» Goal of the exercise: Write out the data below exactly as given, without any of its pictures.

» Data excerpt:
★ ★ ★

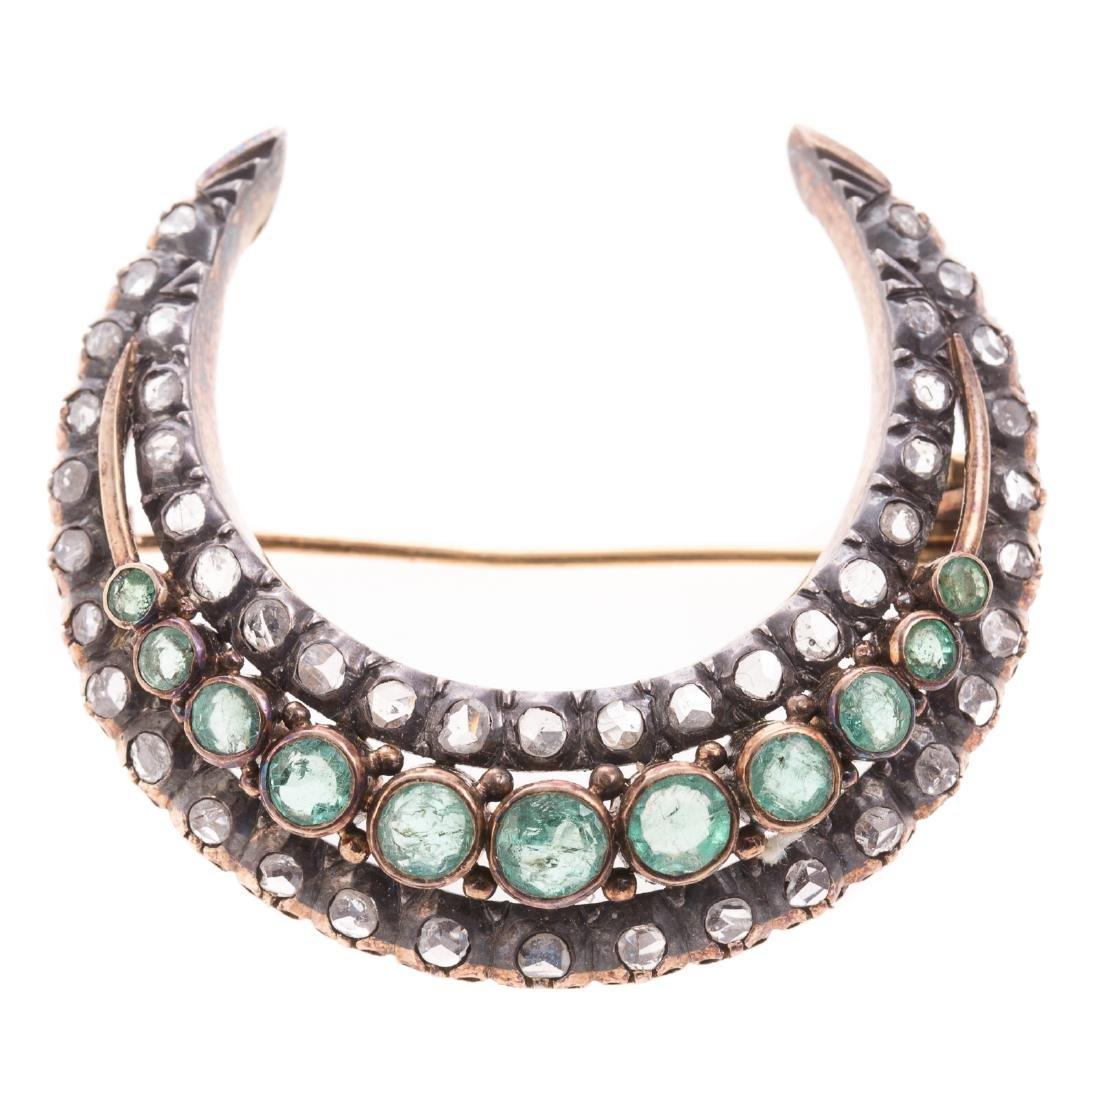 An Edwardian Emerald & Diamond Crescent Moon Pin
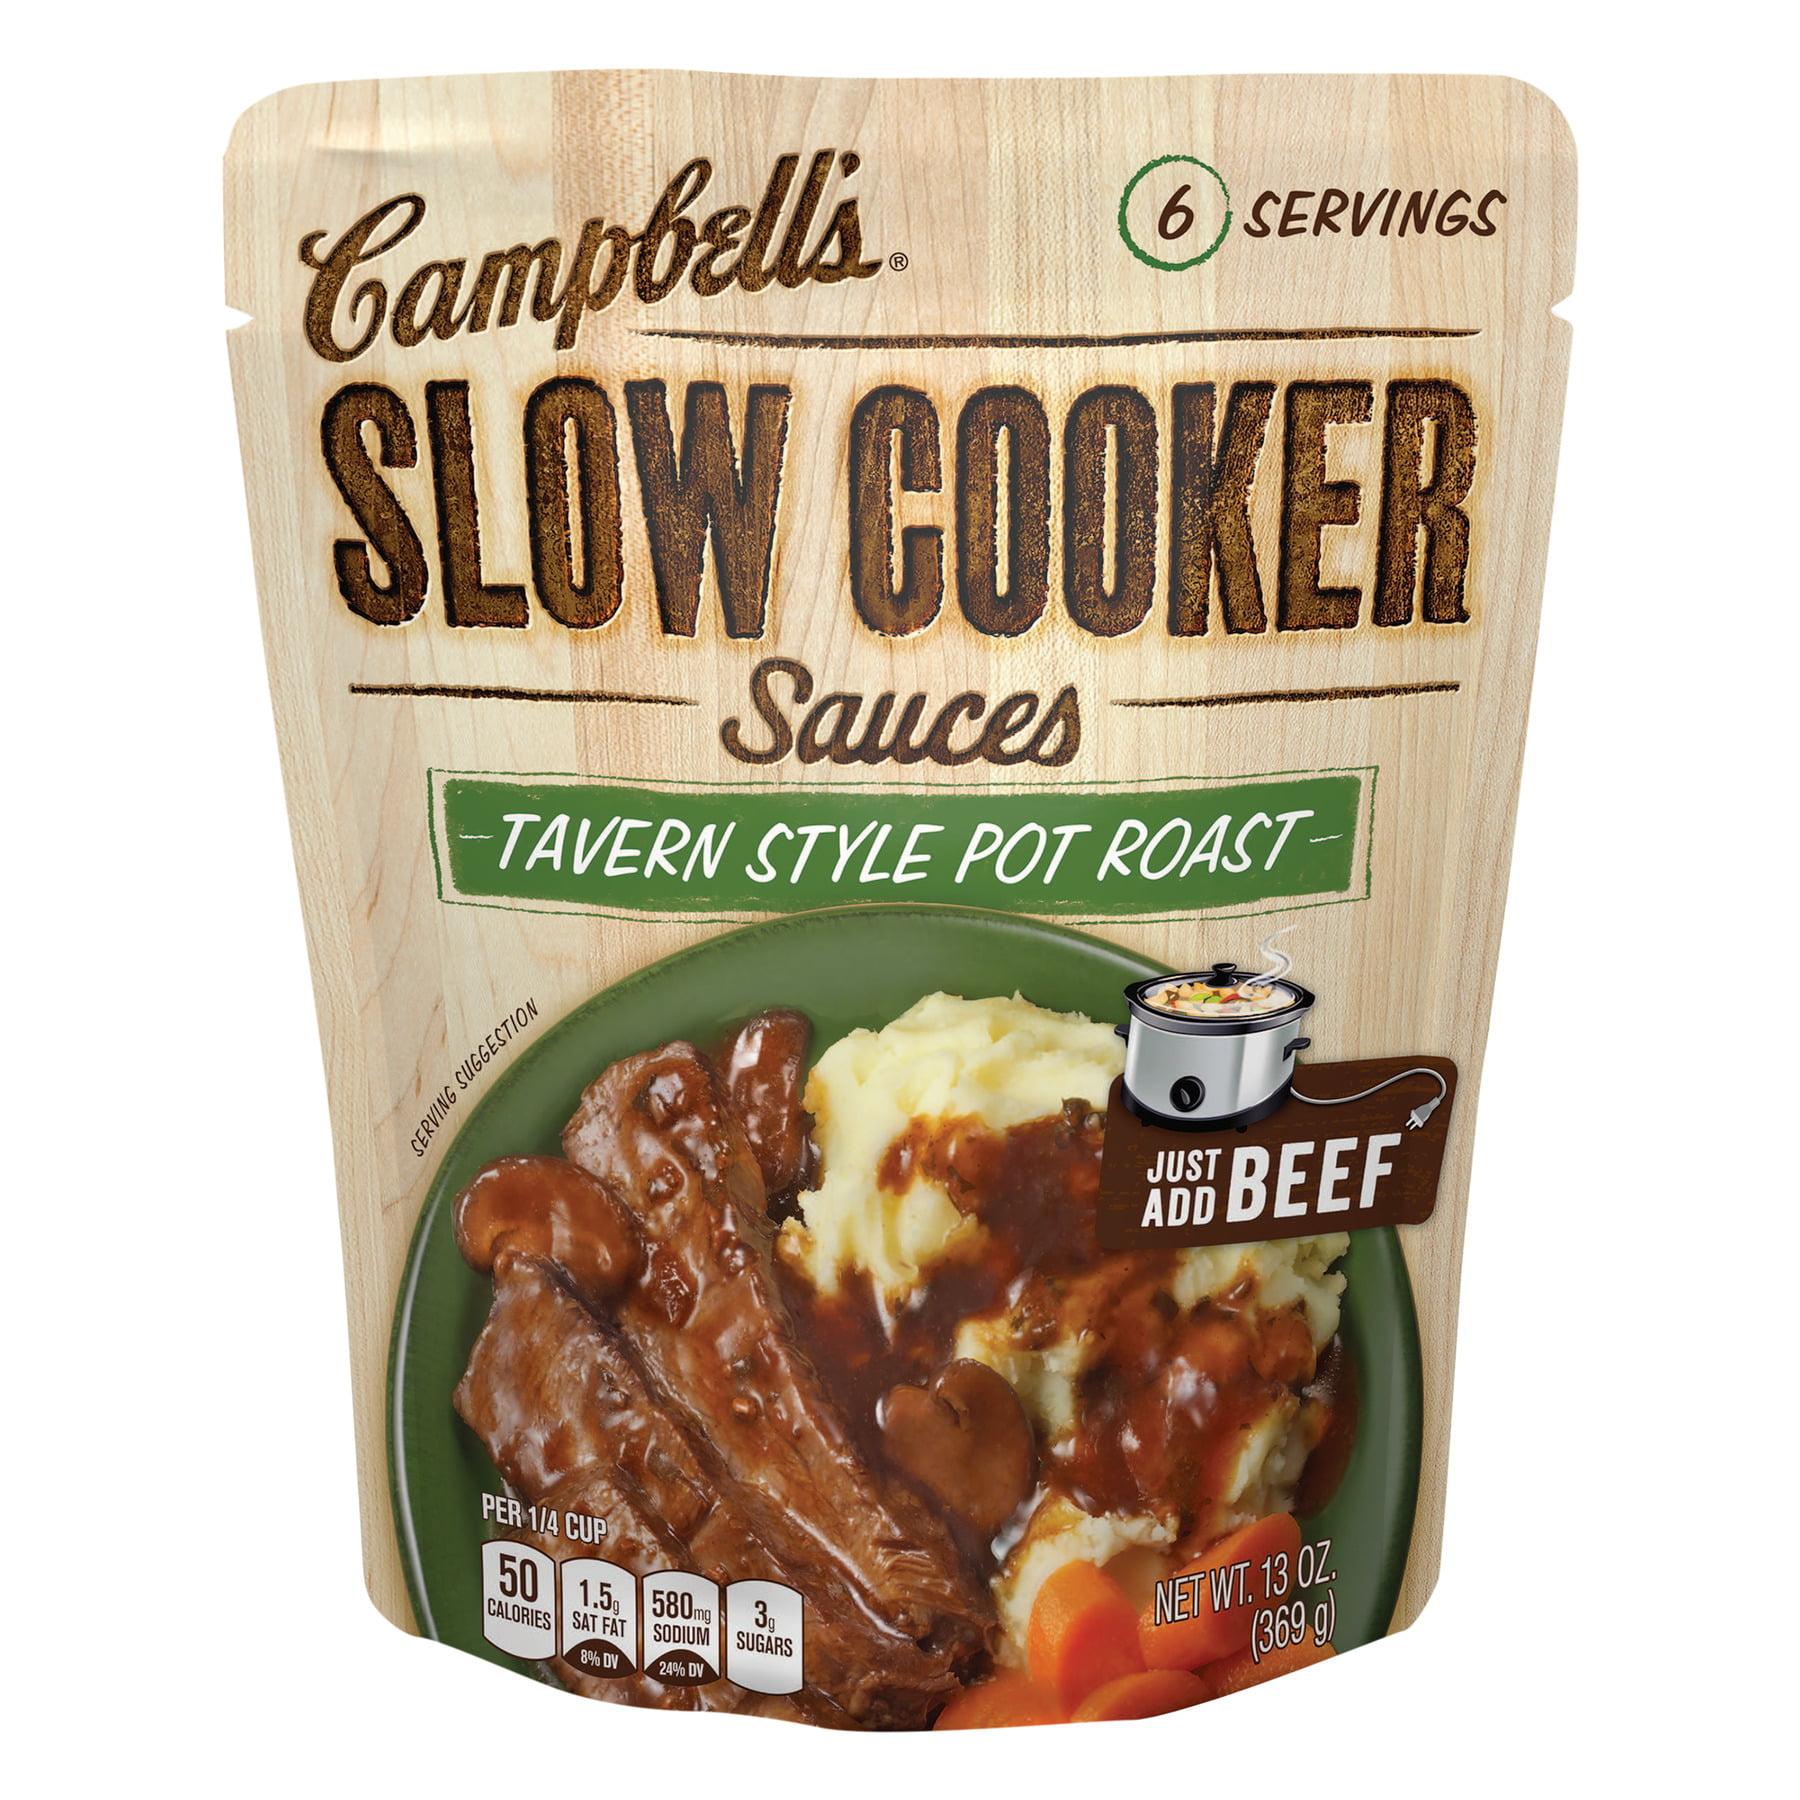 Campbell's® Slow Cooker Sauces Tavern Style Pot Roast, 13 oz., 13.0 OZ
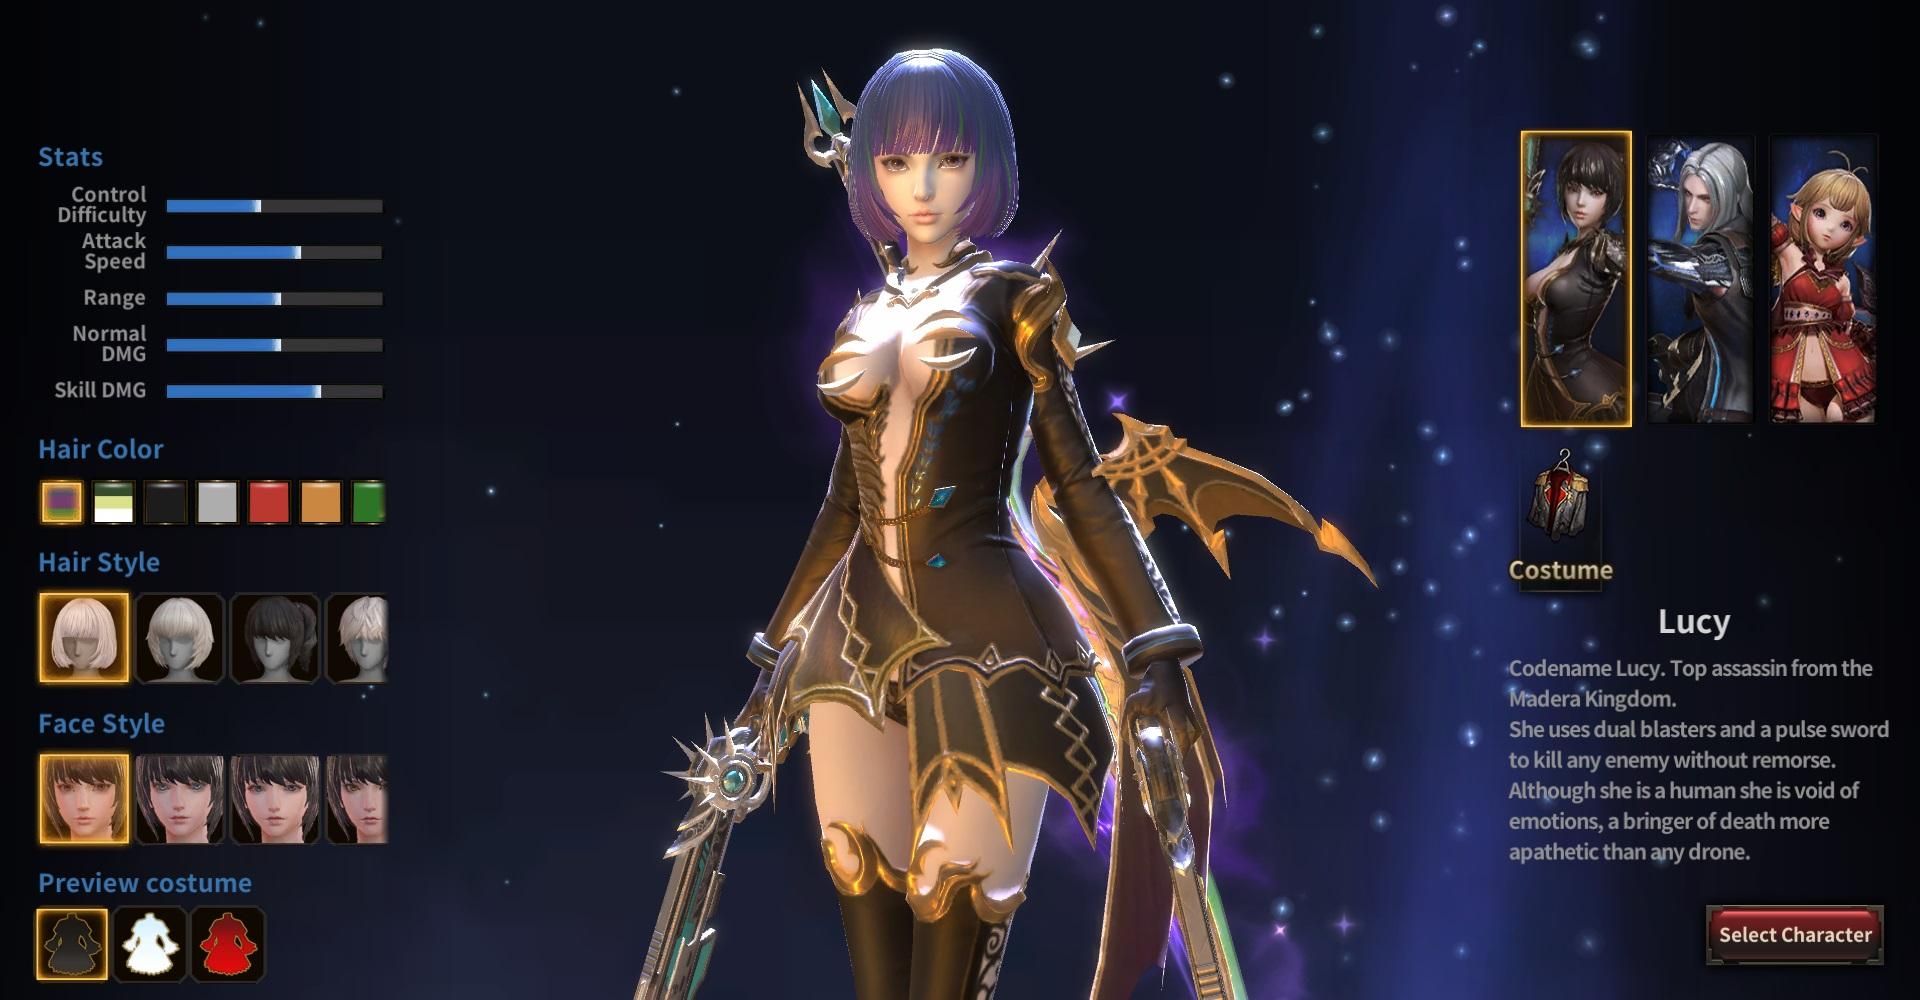 3D Hentai Game Video foxynite 3d hentai game nutaku screenshot 5 - hentai reviews

★ ★ ★

» Response area:
 An Edwardian Emerald & Diamond Crescent Moon Pin
 Campbell's® Slow Cooker Sauces Tavern Style Pot Roast, 13 oz., 13.0 OZ
 3D Hentai Game Video foxynite 3d hentai game nutaku screenshot 5 - hentai reviews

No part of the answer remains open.